This invention relates to bookbinding and, more particularly, to book cover applicators for applying covers to fillers or book blocks which may be made up of a stack of sheets, signatures or folios which have been secured together along one edge. The invention is suitable for use in making hard cover books, paper backs, notebook pads, pamphlets and the like.
Modern bookbinding machines are complex generally automated devices designed primarily for large scale mass production bookbinding operations in which sheets are fed to a holding device, and assembled into multiple sheet signatures or folios which are then stitched and bound to covers. These machines, however, cannot be used effectively and economically in small scale bookbinding operations in which limited numbers of books or the like are to be bound.

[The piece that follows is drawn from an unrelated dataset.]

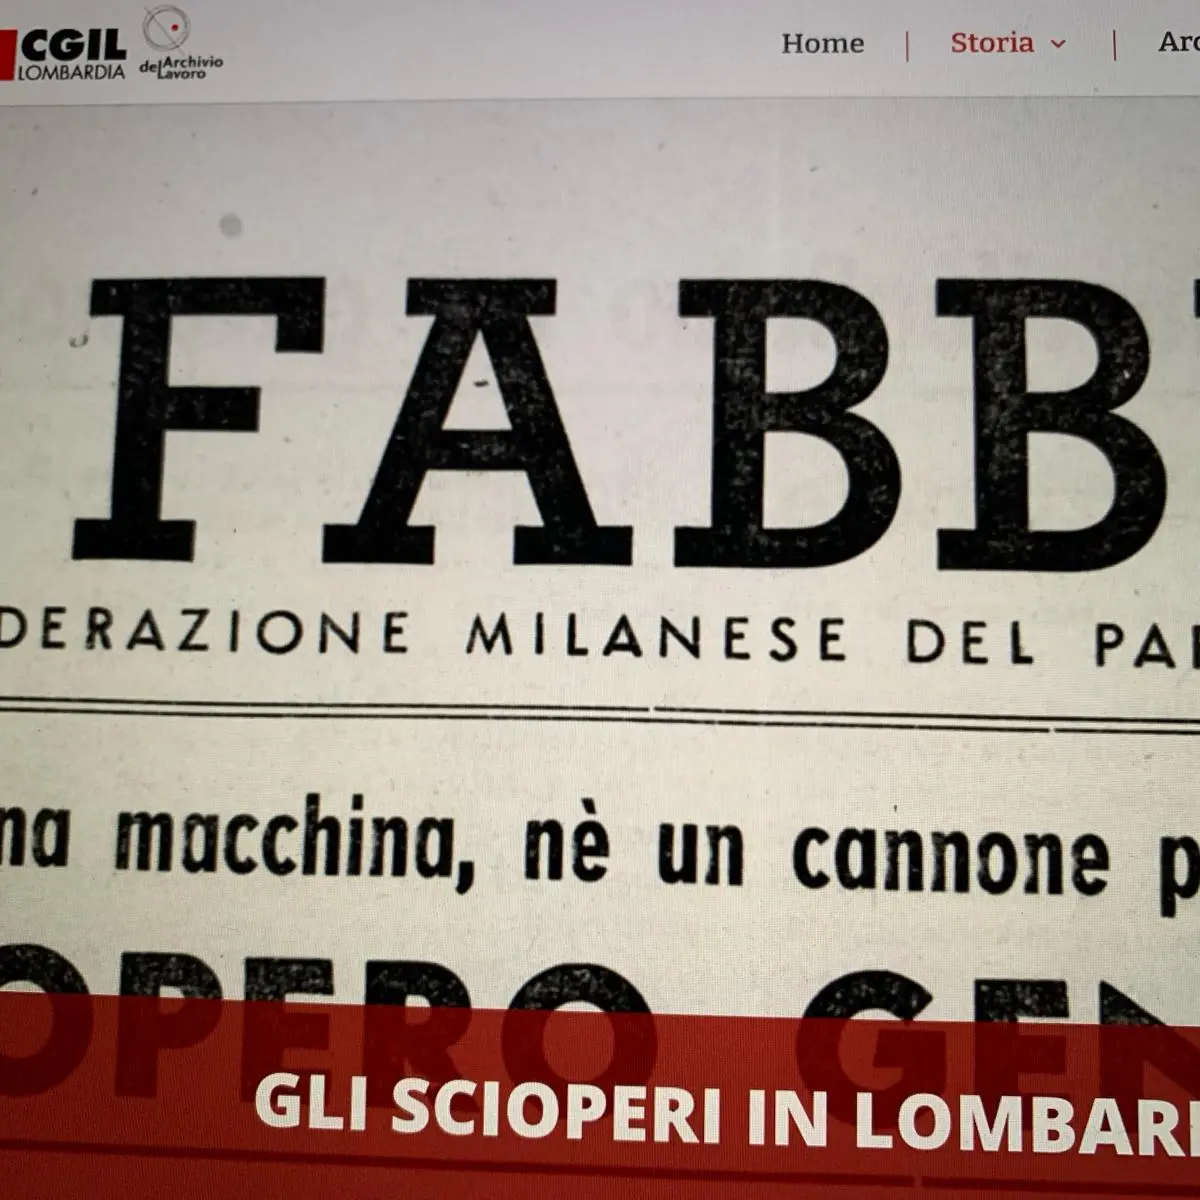 Online mostra “1944: l’anno della svolta” di Cgil Lombardia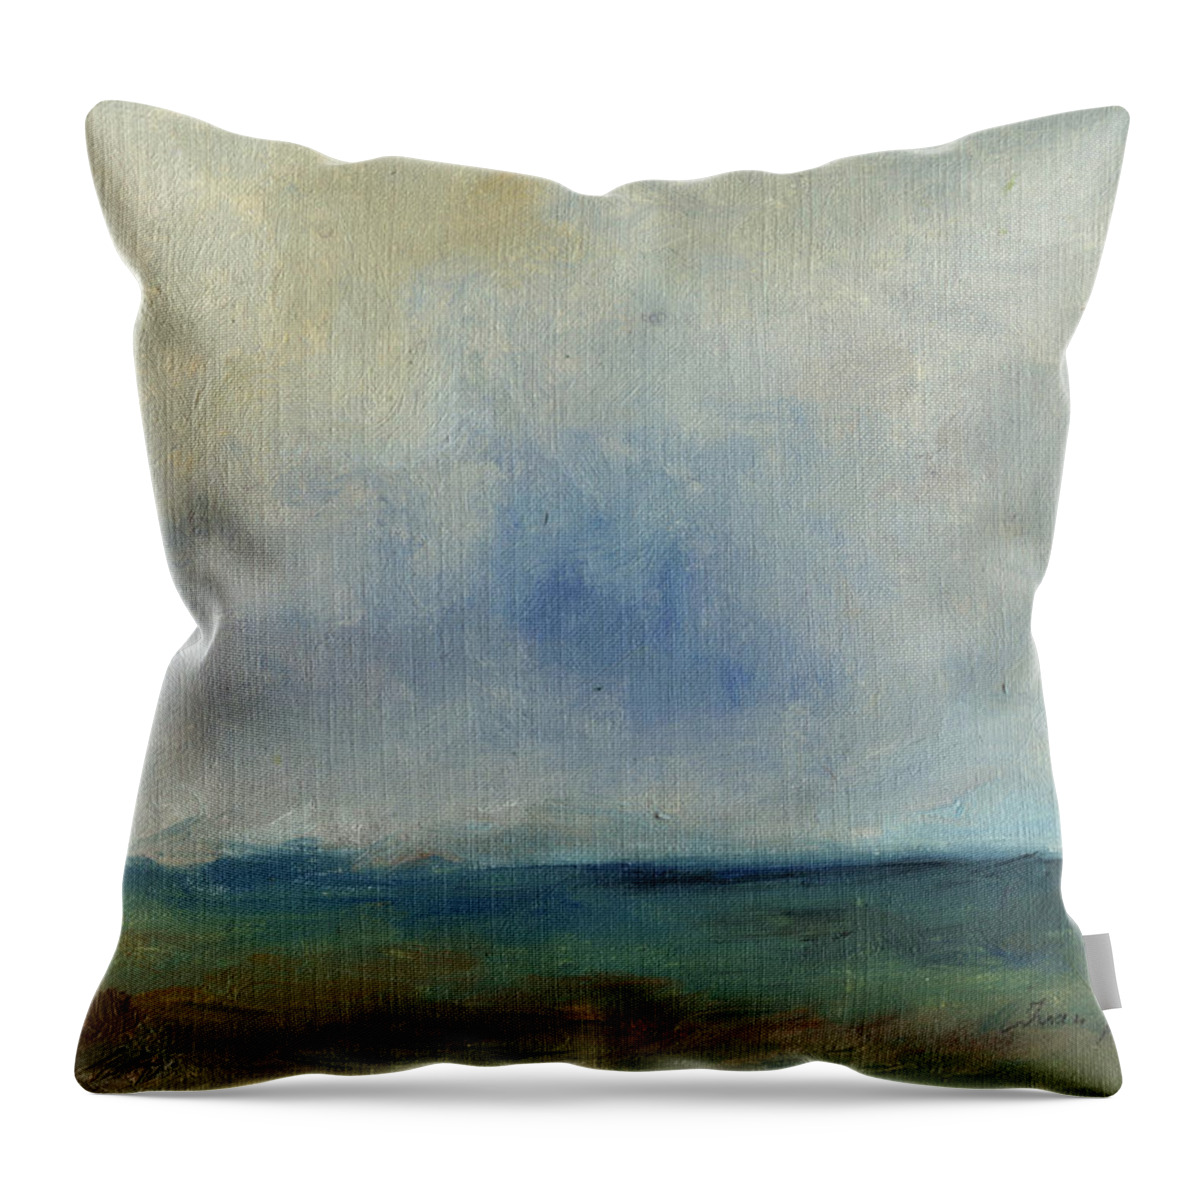  Abstract Art Throw Pillow featuring the painting Caladero de sardina by Juan Bosco

Books of this type are commonly assembled by a sheet sorter or collator which operates in line with a duplicator or press and deposits the sheets in stacks into an array of receiving bins, jogs the stacked sheets so as to align at least one of their edges in a single plane, and secures or bonds the sheets together along the one aligned edge or spine to form a book block or filler. Until this invention, book covers have commonly been applied to this type of book in small scale bookbinding operations almost entirely by hand.
As used in this specification the terms "book block" and "filler" are synonomous and mean a stack of individual sheets, bound or stitched folios, or signatures which have been bonded together along one edge forming the spine. A "book" will be understood to comprise a "filler" or "block" and a "cover" bonded to the filler or block along its spine.